Авторский блог Александр Балтин 15:30 25 сентября 2023

Истины Ильи Сельвинского

Он был метафизиком стиха, и историком оного

1

Величаво-торжественная, мощная и свободная поступь строк и строф Сельвинского: есть нечто от звона Дантовских терцин.

Великолепие фауны – и тигр, спускающийся с гор и хребтом своим повторяющий их очертания, переходит в условно-метафизическую вечность, где собеседуют поэты.

Цветовые лучи поэзии Сельвинского созидают силовое поле, из которого невозможно выйти, заурядно пожав плечами: ты будешь потрясён: особенно в юности, ибо размах мастера велик: тут и стихи, написанные на бандитском жаргоне, колоритом своим выбивающиеся из ряда русской поэзии (а какой мальчишка не мечтает о лихой вольнице жизни!), и громадные здания «Пушторга», или «Улялаевщины».

Как сверкают, переливаясь самоцветными каменьями, шкуры животных: охота жестокая вещь, но… что поделаешь с человеком?

Громы трамваем, пролетающих по городу, уносящихся в спутанные пределы таинственных переулков; грозы бунтов и военных стычек… Поэзия, бьющая соком жизни, вещающая про смак существования, преодоленья себя. Многогранность всего, предложенного тебе миром.

2

Стиль Сельвинского размашист, избыточно-роскошен, решителен, рассчитан на эпос – он и писал его, создавая «Улялаевщину» и «Пушторг»…

Но гротеск «Пао-Пао» лежит в ином измерение, словно нечто, таимое поэтом в недрах сознанья, прорвалось наружу, нарушив тяжеловесную громоздкость реалистических поэм.

Гротеск в белых декорациях, как предложил Станиславский, не заснувший при чтении пьесы, – в декорациях утопии, перешедшей грань анти, к чему, собственно, тяготеет любой гротеск.

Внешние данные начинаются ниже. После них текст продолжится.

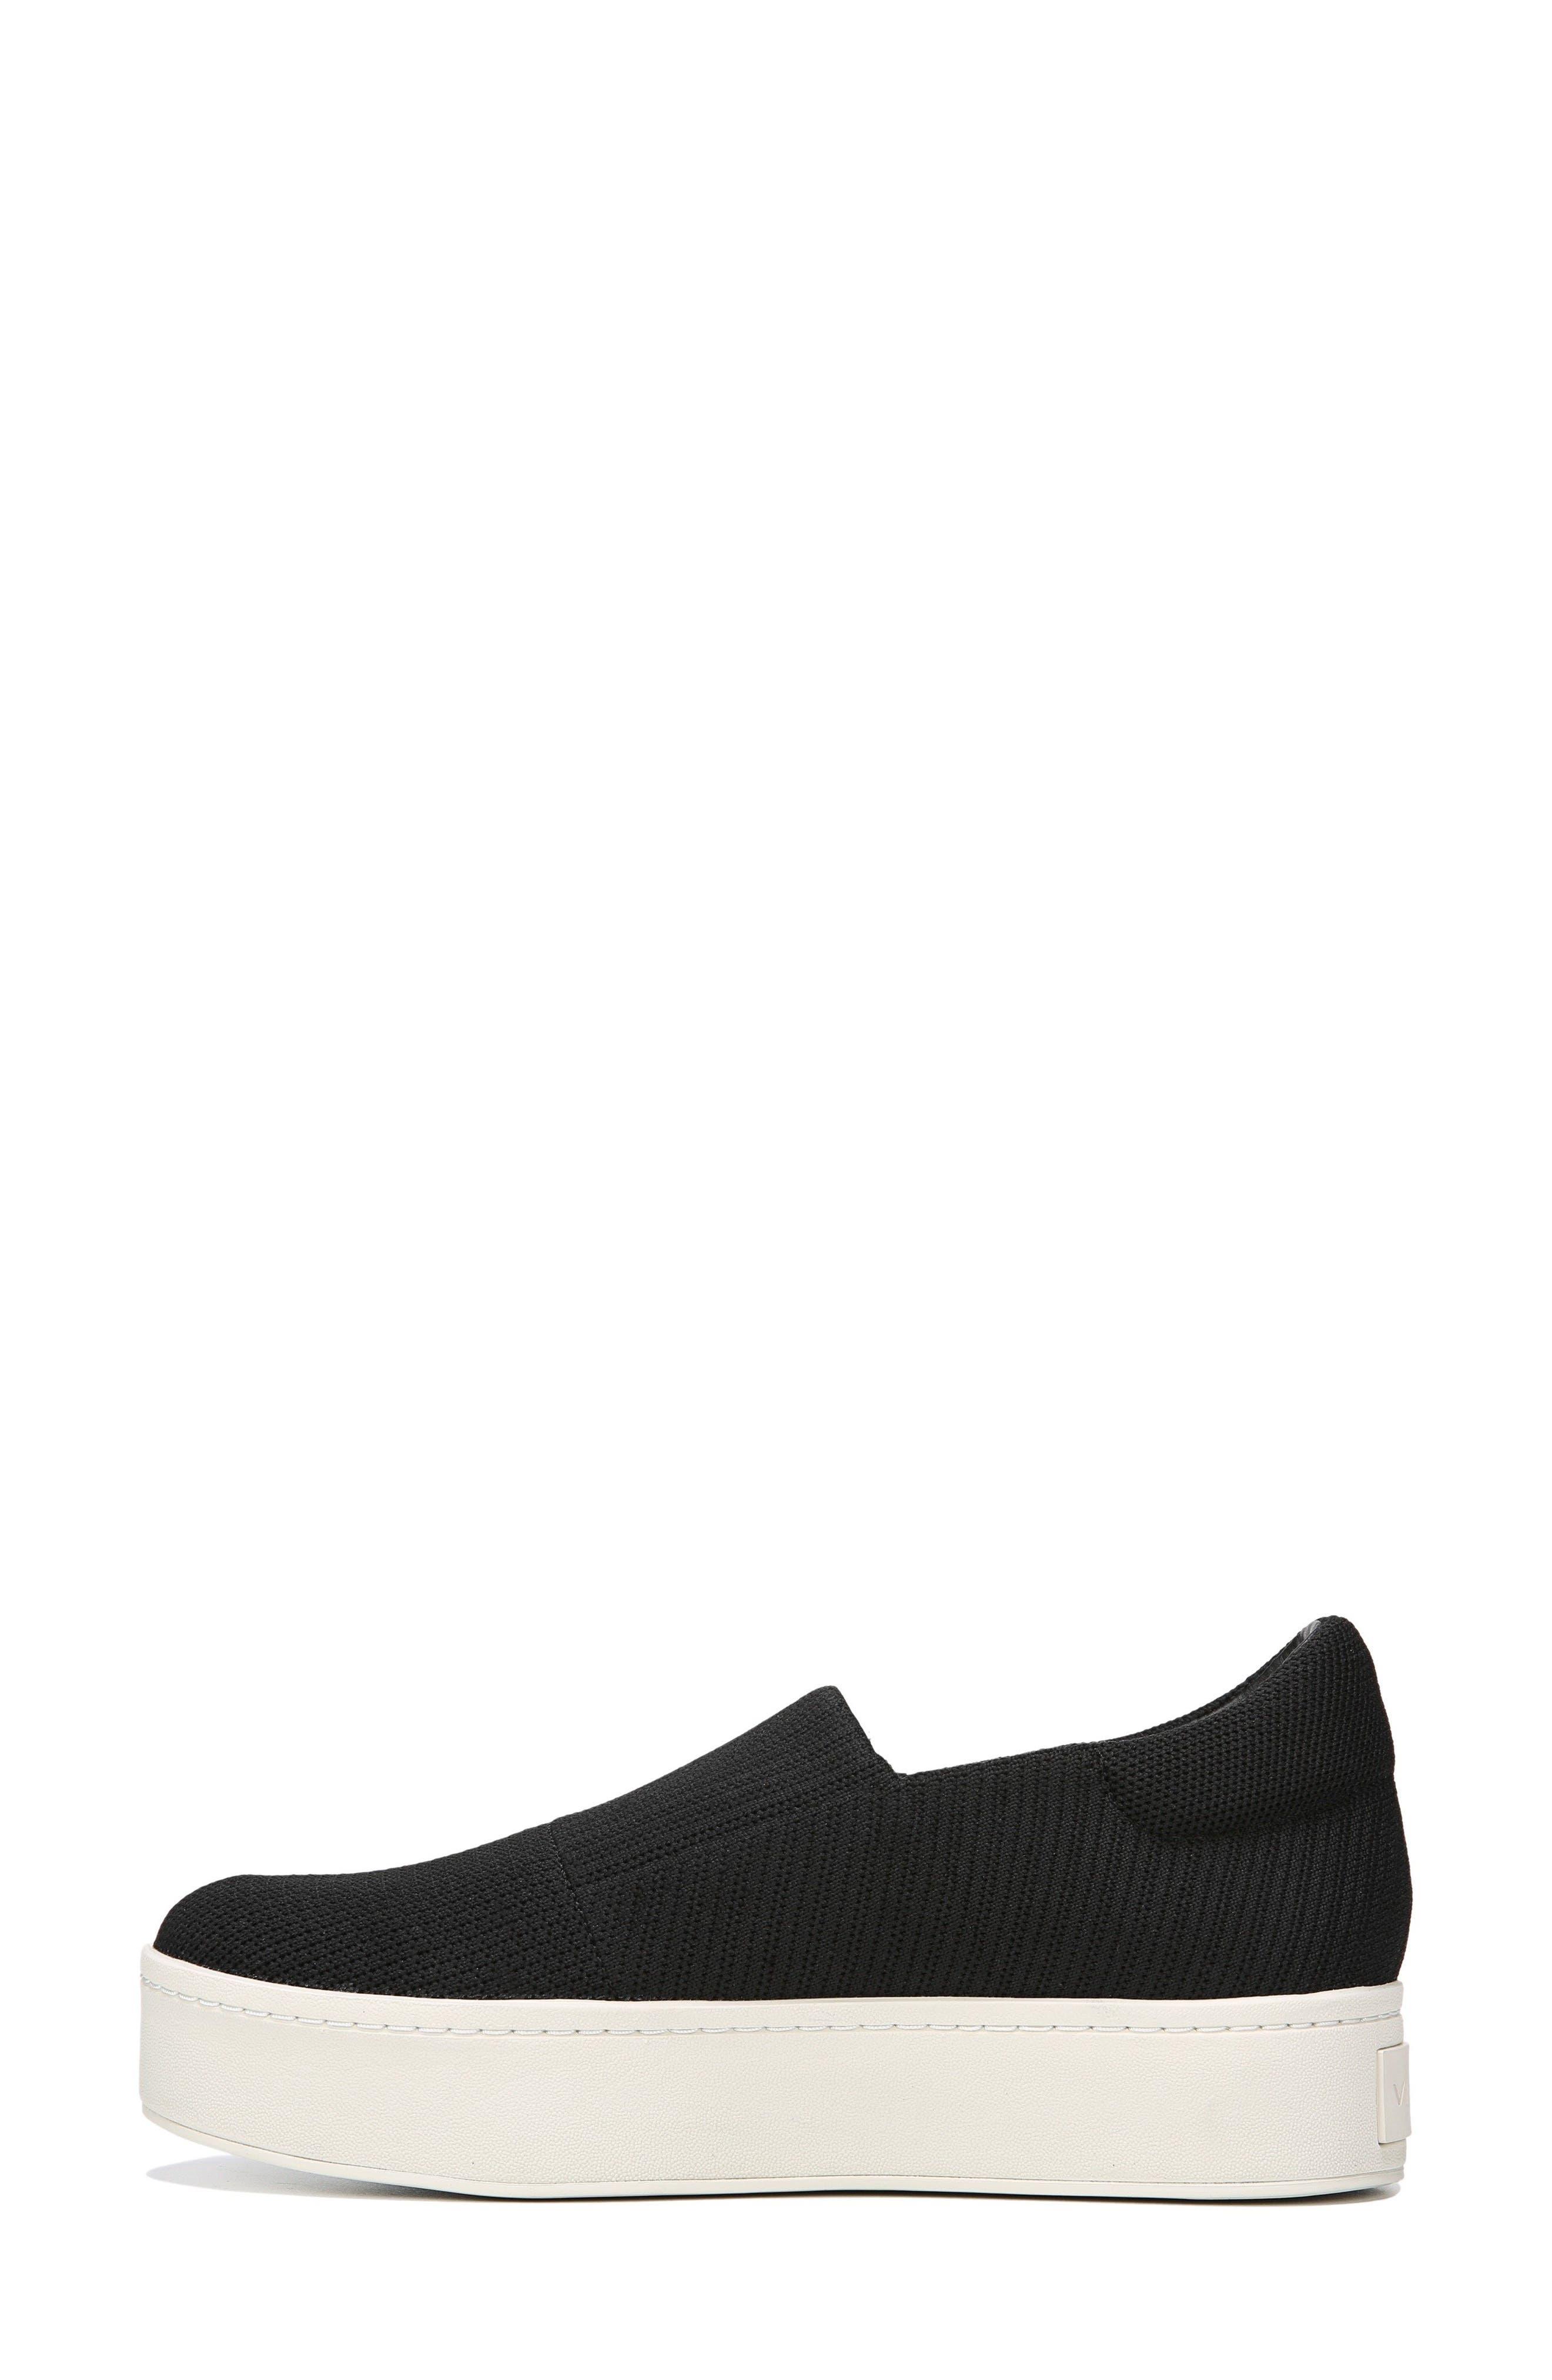 Walsh Slip-On Sneaker,                             Alternate thumbnail 3, color,                             001

Орангутан хочет стать человеком, или человек очеловечить орангутана?

Таинственные биения, разлитые в воздухе, позволяют, используя их, исследовать социум, чем и занимается Сельвинский в своей пьесе: столь же виртуозной, сколь и серьёзной: серьёзной тою опасностью, мера которой измеряется кривизной всякого социума, несмотря на бодрое настроение времени.

Боксер Роберт Дитрих, ставшей жертвой конкурентов, не может распоряжаться своим мозгом, предназначенным для эксперимента, который, как известно, раздвигает рамки жизни.

Рамки смерти не раздвинуть никому – в силу их чрезмерности.

Атташе, поддавшись уговорам безумного брата учёного, отдаёт серо-золотой человеческий мозг исследователю, чтобы дальше замелькали абсурдно-фантастические ленты.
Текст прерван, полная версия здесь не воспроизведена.